START Data provided
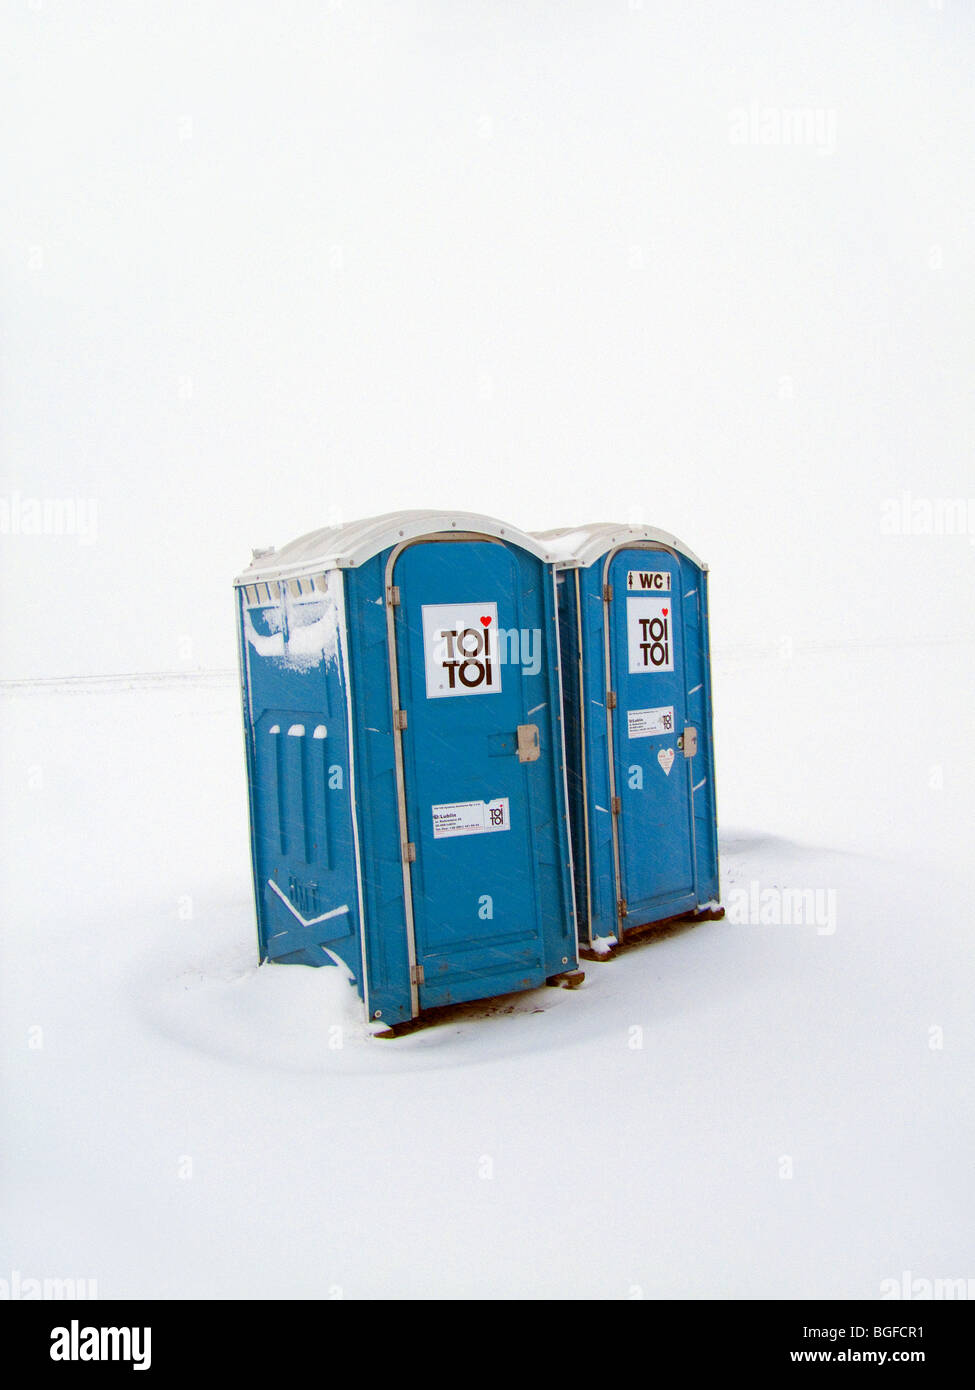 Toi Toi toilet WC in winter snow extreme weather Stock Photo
END Data provided
START Data provided
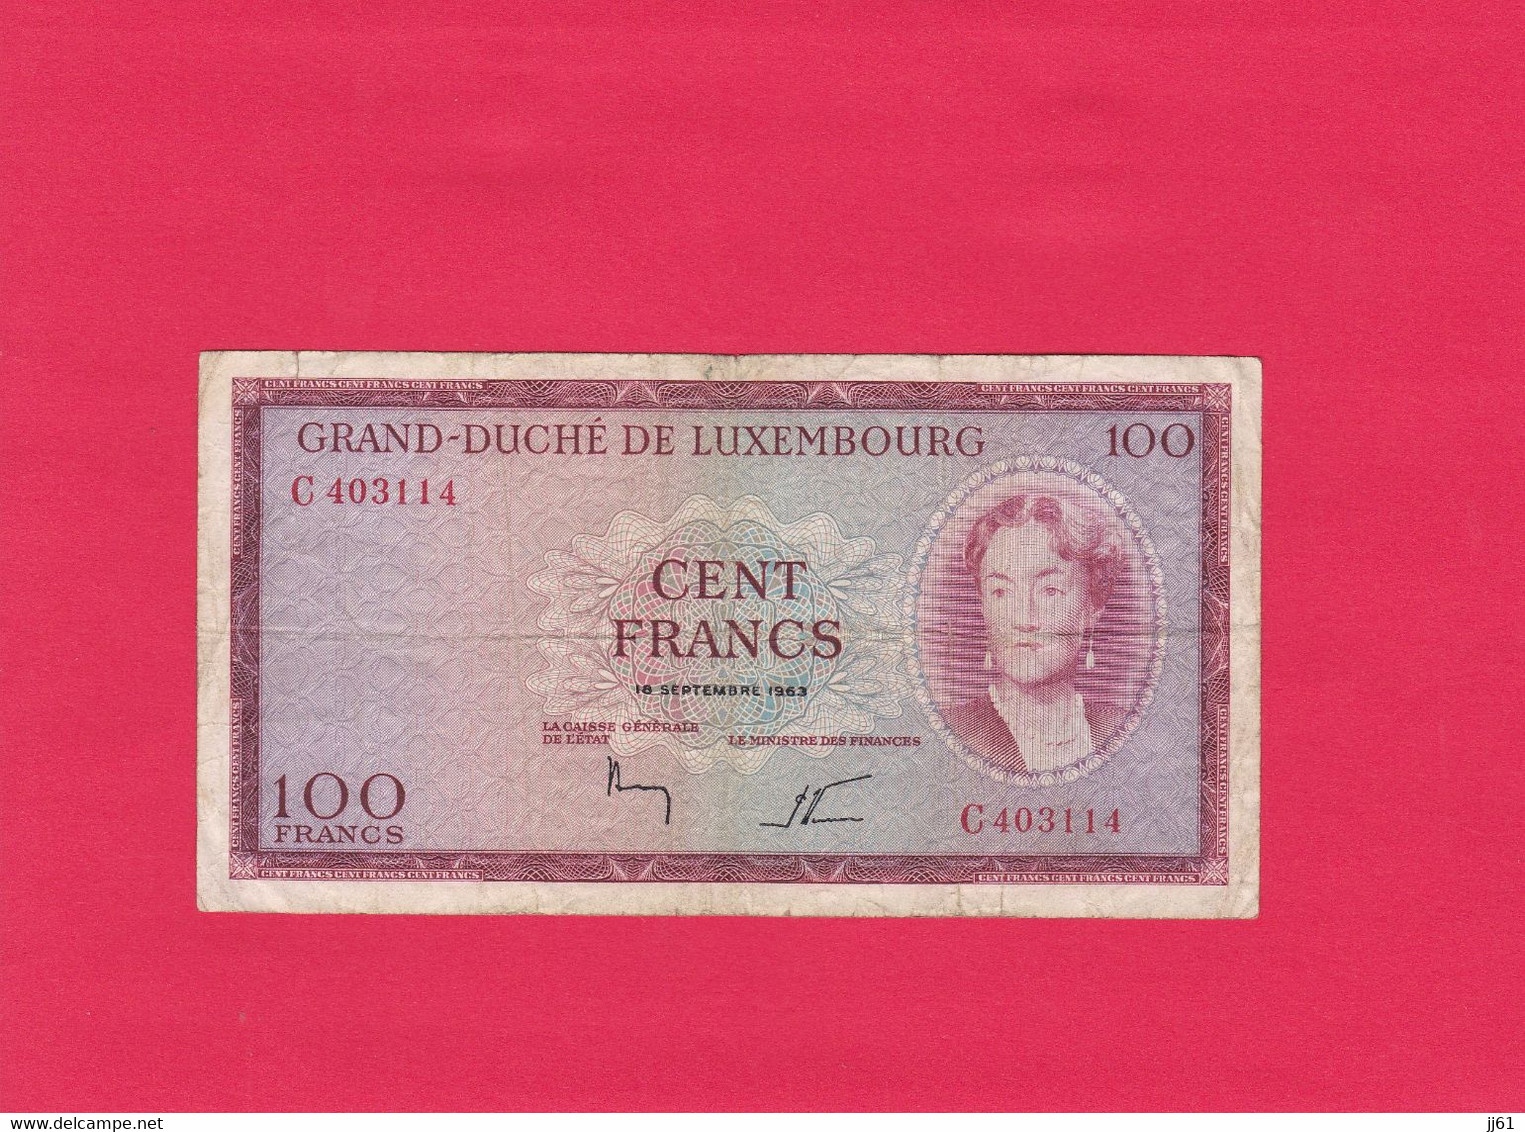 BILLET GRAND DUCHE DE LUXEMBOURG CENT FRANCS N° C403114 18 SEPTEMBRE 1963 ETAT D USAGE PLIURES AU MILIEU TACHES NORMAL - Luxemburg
END Data provided
START Data provided
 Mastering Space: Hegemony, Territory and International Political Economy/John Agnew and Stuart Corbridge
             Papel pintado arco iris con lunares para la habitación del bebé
END Data provided
## Exercise goal
Among the lines above, find the one with "Mastering Space: Hegemony, Territory" and the one with "Papel pintado arco". Quote both and everything between them, exactly.

## Result
 Mastering Space: Hegemony, Territory and International Political Economy/John Agnew and Stuart Corbridge
             Papel pintado arco iris con lunares para la habitación del bebé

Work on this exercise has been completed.